David Skaggs, director of the Council for Excellence in Government, a Washington-based nonpartisan organization whose goal is to improve government’s performance on all levels, said that Iowa was “the gold result” for redistricting in the country but that it owed much of its success to its “peculiar political culture,” which was largely incumbent-blind already.

Following a conference held jointly in June with the Campaign Legal Center, another nonpartisan group in Washington that works in the areas of campaign financing, communications and government ethics, the two organizations published a plan for redistricting that Mr. Skaggs said they were trying to sell to states all over the country. It calls for increased competitiveness in districts to be the first priority of independent redistricting commissions.

Mr. Skaggs, who has served in both the Colorado legislature and Congress, said the dwindling number of competitive districts around the country was partly responsible for the growing polarization in Congress and state legislatures.

In districts dominated by one party, he said, primaries become the most important contest, with perhaps 10 percent of the most committed partisan electorate turning out to choose the candidate who then easily wins the general election. There is no incentive for candidates to be moderate.

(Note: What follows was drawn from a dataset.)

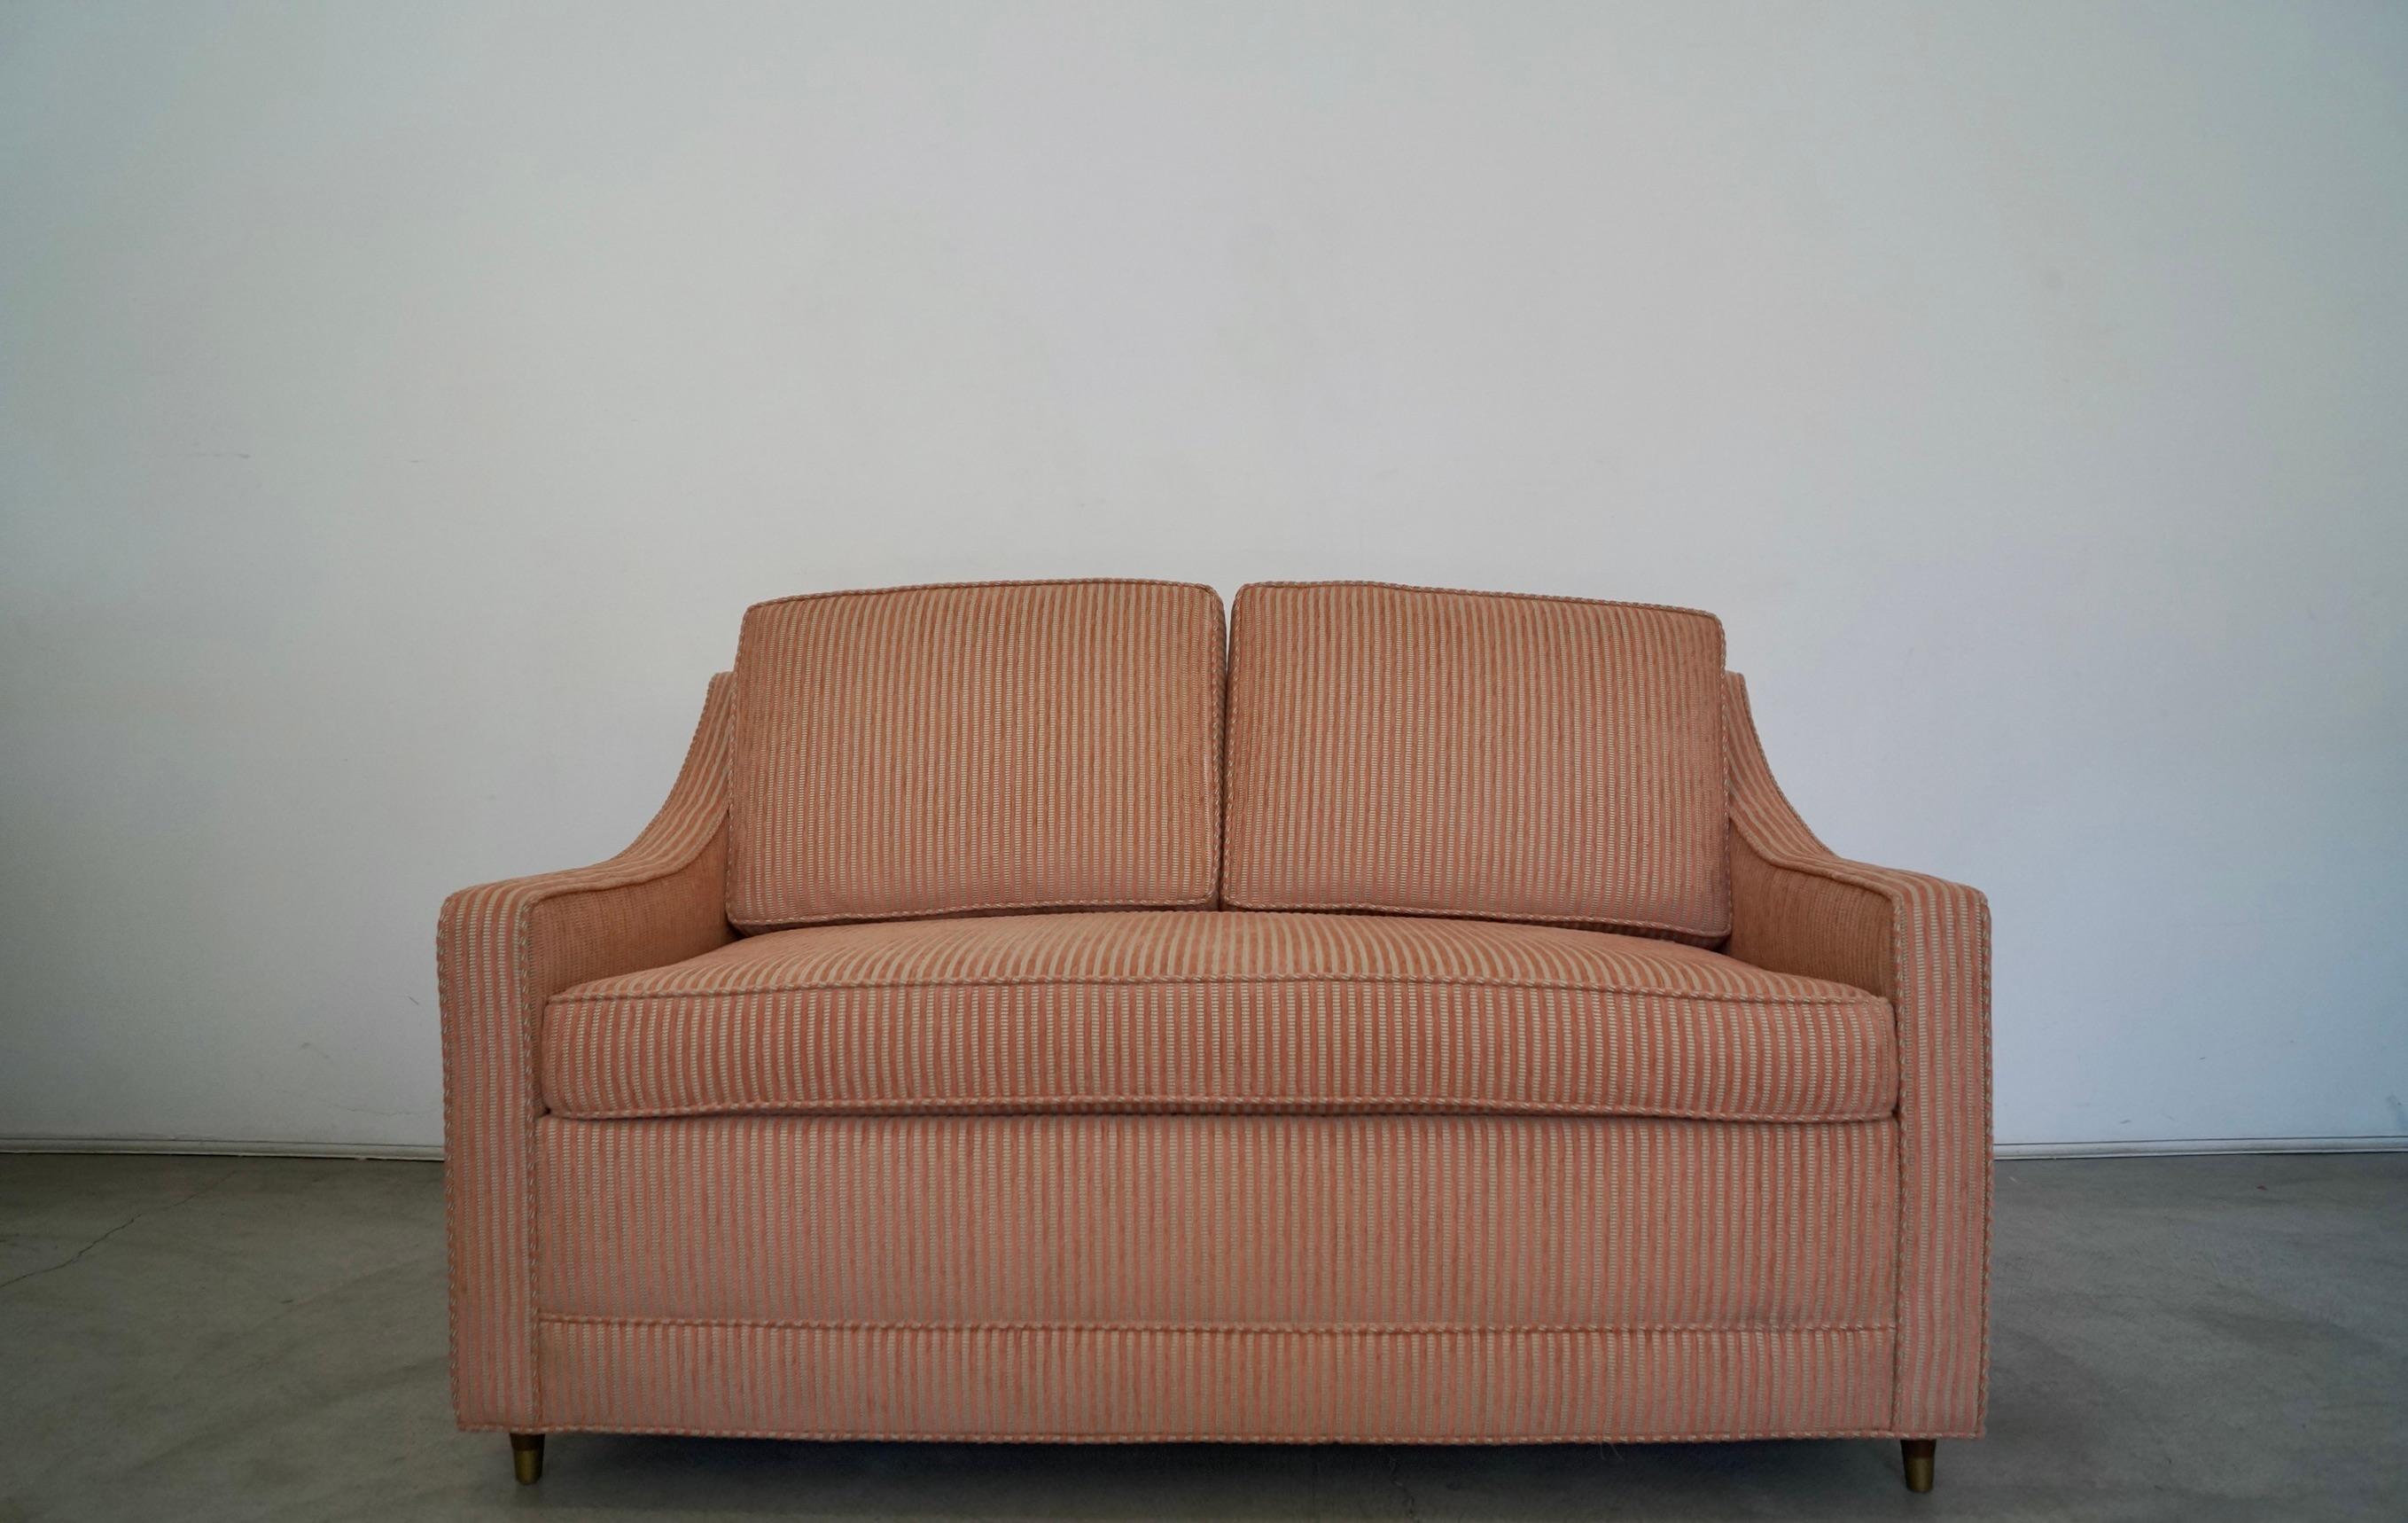 Vintage Mid-Century Modern sofa sleeper for sale. Original 1960s, and has been professionally reupholstered in a striped soft chenille velvet. The raised stripes are pink, and it has gray, coral, and silver. The metal pullout mechanism and mattress

Ms. Wilmot said that with only 13 percent of Massachusetts voters registered Republican, making competitiveness a criterion was impractical.

The federal Voting Rights Act, passed in 1965 to prevent the disenfranchisement of minorities, has two provisions that concern redistricting. Section 5 requires states that practiced discrimination in the past to submit their redistricting maps to the Department of Justice for approval.

Section 2, which applies to every state, declares that if a minority community is large and compact enough for a district, votes as a group and is regularly defeated by white voters, it can challenge a map that denies it its own district. This happened in Massachusetts in 2003, when the U.S. District Court ruled that a plan drawn by the legislature under Speaker Thomas Finneran, which reduced the number of African-American legislative districts in Boston, was guilty of “sacrificing racial fairness to the voters on the alter of incumbency protection.”

Ms. Wilmot said Worcester’s minority population is “quartered” right now, divided into four legislative districts, both urban and suburban.

Jeffrey M. Wise, who studies redistricting and is a former counsel to the Massachusetts legislature, said it was an issue of competing interests. “You can’t say ‘because it’s in the interest of one party, let’s ignore the Voting Rights Act,’ ” he said. Protecting the votes of racial minorities is an important principle that has taken a long time to establish.

Another concern voiced by some legislators who opposed Mr. Moore’s bill earlier this year was that an independent commission was not elected by the voters.

Alan J. Rom, a lawyer with Massachusetts Appleseed Center for Law and Justice, said he sympathized with the groups calling for an independent commission. “I, better than anybody, understand why they’re doing this,” he said.

Mr. Rom was the plaintiff’s attorney in a series of lawsuits in the 1980s and 1990s brought against the state of Massachusetts for manipulating legislative districts for incumbent benefit. In 1983 and again in 1988 he represented minority political action committees suing over district maps that broke up their communities or packed them all into a few districts to minimize their influence.

Even with his experience with legislative gerrymandering, however, Mr. Rom agrees that redistricting should be left to the people’s representatives.

“Who’s to say commissions would do any better,” Mr. Rom said. Even if the legislature is more apt than disinterested parties to let political considerations influence it, its members can be held accountable by the voters. Unelected commissioners cannot.

“People should hold their representatives accountable,” he said. If they don’t, they are to blame for their lawmakers’ actions.

Mr. Skaggs said redistricting was such an obscure topic that most voters didn’t realize its impact. He thought it was unlikely that any election had ever hinged on a legislator’s role in redistricting legislation. “If you can find one,” he said, “I’ll eat my hat.”